(Data to use)
________

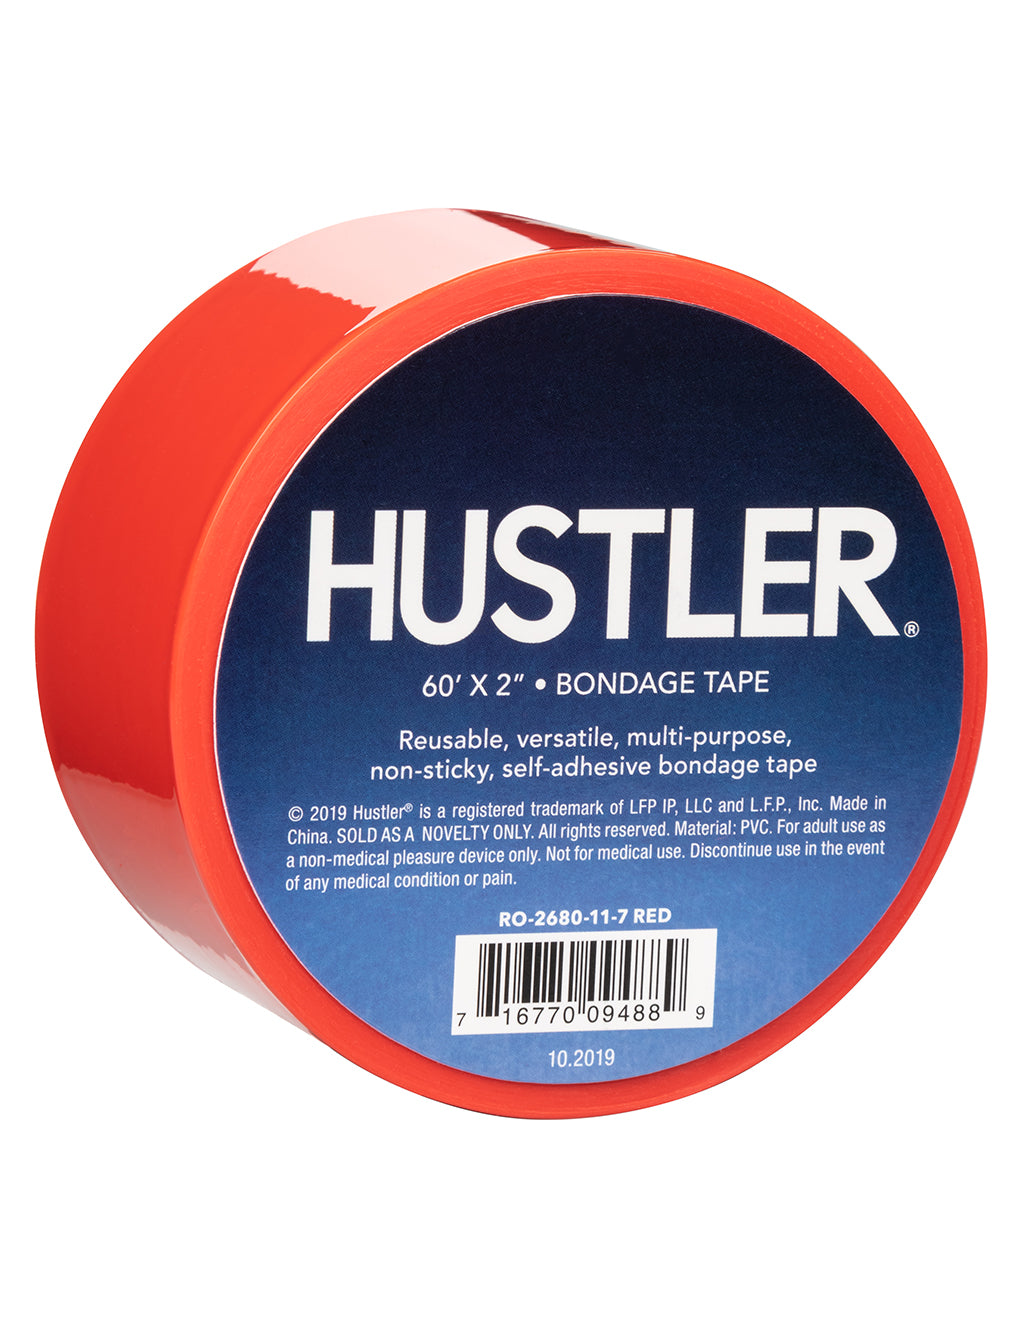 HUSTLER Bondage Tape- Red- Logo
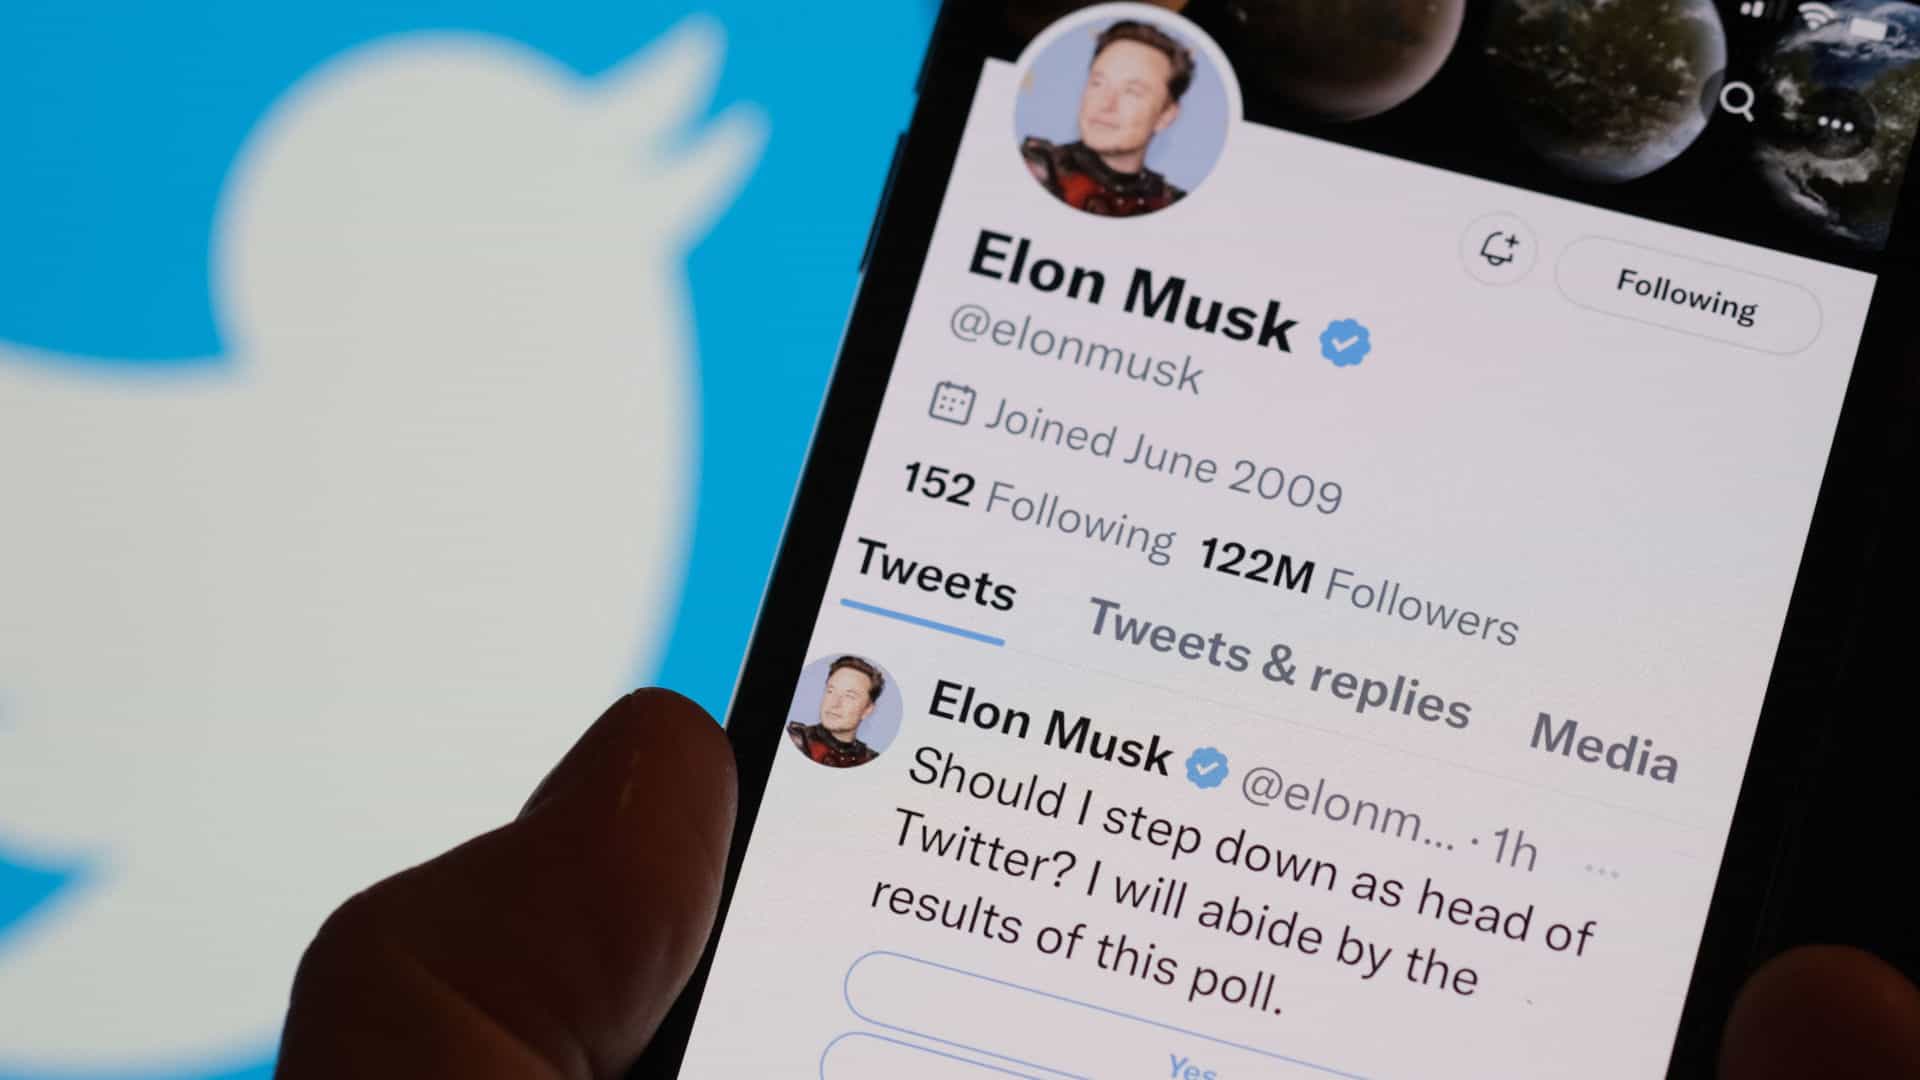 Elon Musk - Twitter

________

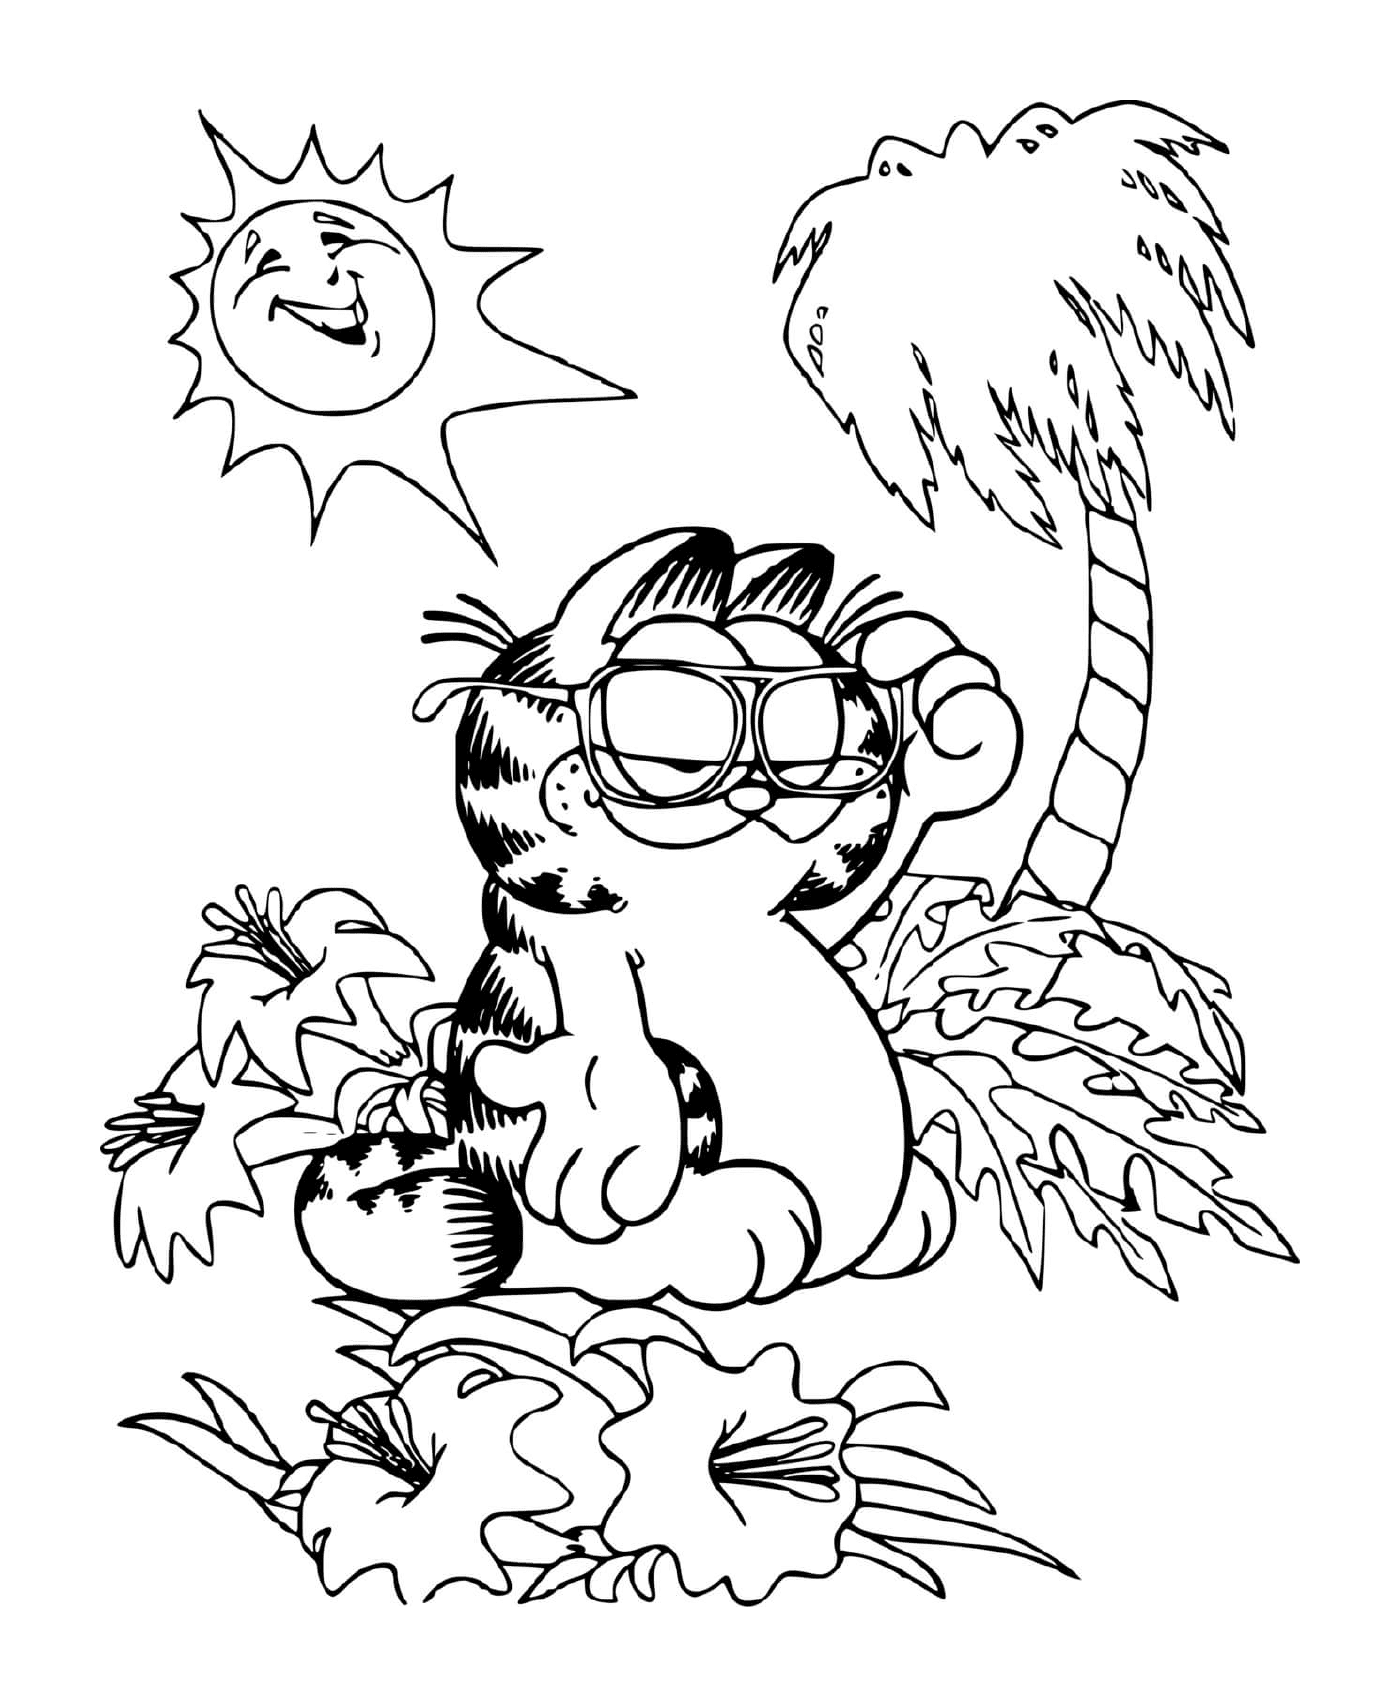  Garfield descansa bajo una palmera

________

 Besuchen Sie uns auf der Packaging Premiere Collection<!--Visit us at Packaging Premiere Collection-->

________

For this exercise, please set down exactly the lines of the listing above from the line with "HUSTLER Bondage Tape- Red- Logo" up to and including the line with "Elon Musk - Twitter", and no pictures.

 HUSTLER Bondage Tape- Red- Logo
 Elon Musk - Twitter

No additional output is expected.